Our children, especially the younger ones, have this inbuilt reset, it is called “a tantrum” by most, I like to reframe it as the positive emotional release it is. Here is how we can help them with that.

During a positive emotional release your child’s pre-frontal cortex is not engaged (the part that deals with logic, empathy, reasoning) then there is no point in talking as your child literally cannot hear you. The pre-frontal cortex engages when your child feels safe and connected.

If I do say something, it is to validate what I think my child may be feeling and to let them know I am there for them “Are you feeling upset because Fred was not able to make his playdate today?” Often this has little to do with what has just occurred and lots to do with something that has happened previously that they need to release.
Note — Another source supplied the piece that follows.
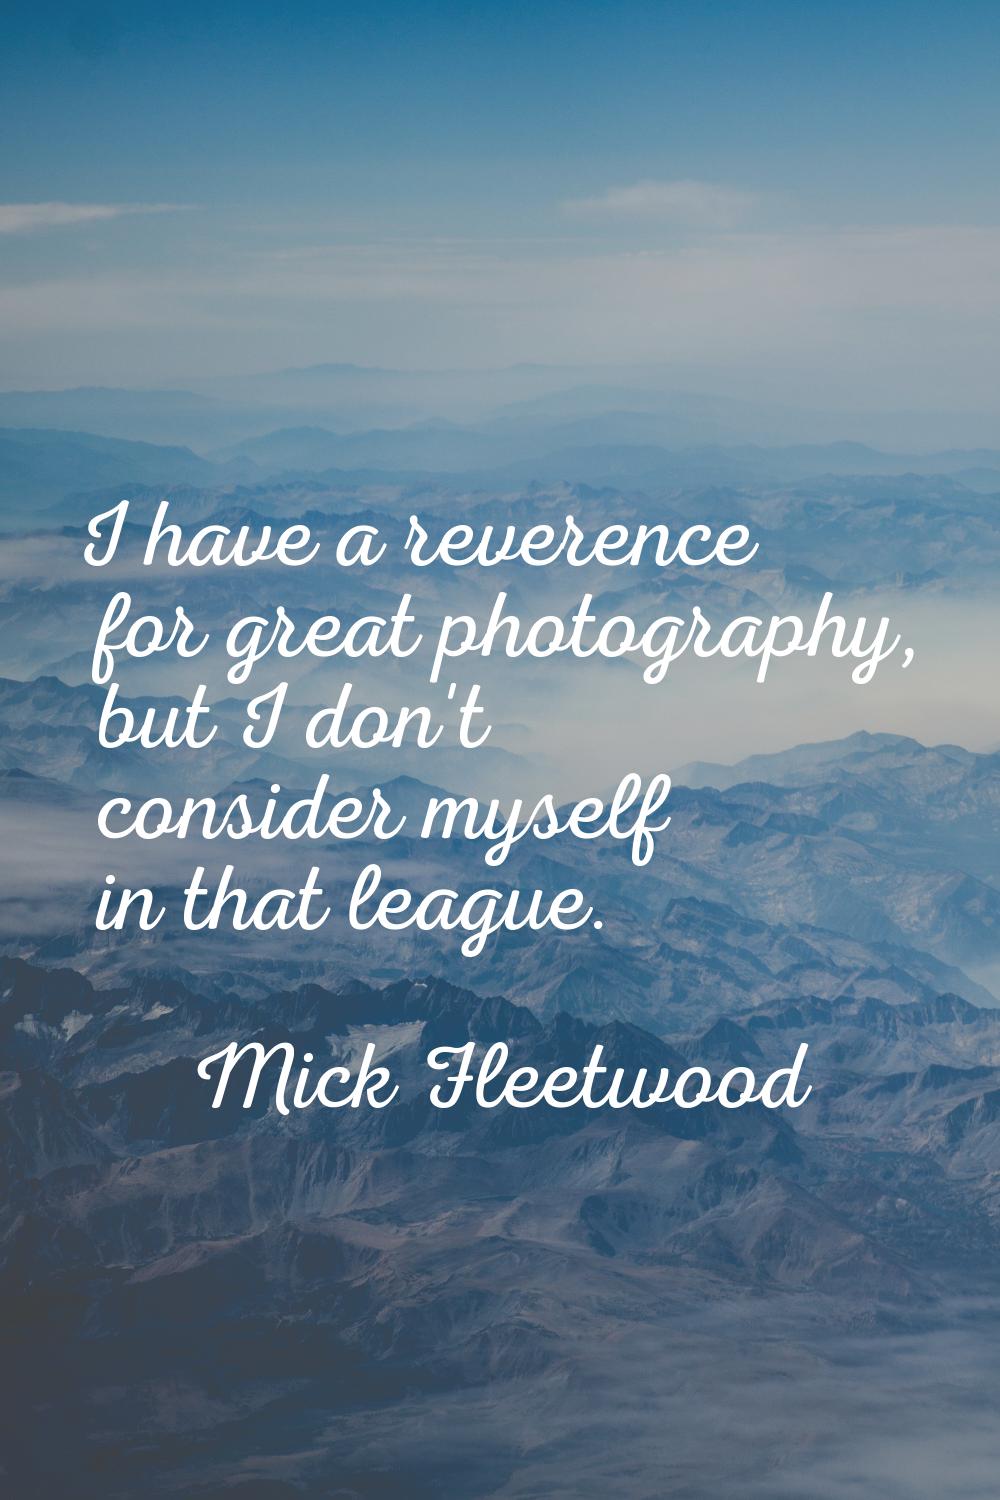 I have a reverence for great photography, but I don't consider myself in that league.

Often at the mere mention of the cause, more crying comes, they feel safe enough to really let it all out.

Eye contact, getting down to their height, touch can all help.

Often there is an internal dialogue in my head going on, sometimes guilt or blame, “Should I have checked Fred was coming yesterday….” But I park this for my listening partnership time and focus on my breathing, as I know and trust that my child is doing exactly what he needs to do.

We live in a culture that is not comfortable with strong emotions and as a result, emotions get suppressed and come out in unhealthy ways. To raise an emotionally healthy child you need to let them express their emotions.

Let me leave you with an expression I like to use to shift this culture “Do you need a GOOD cry?”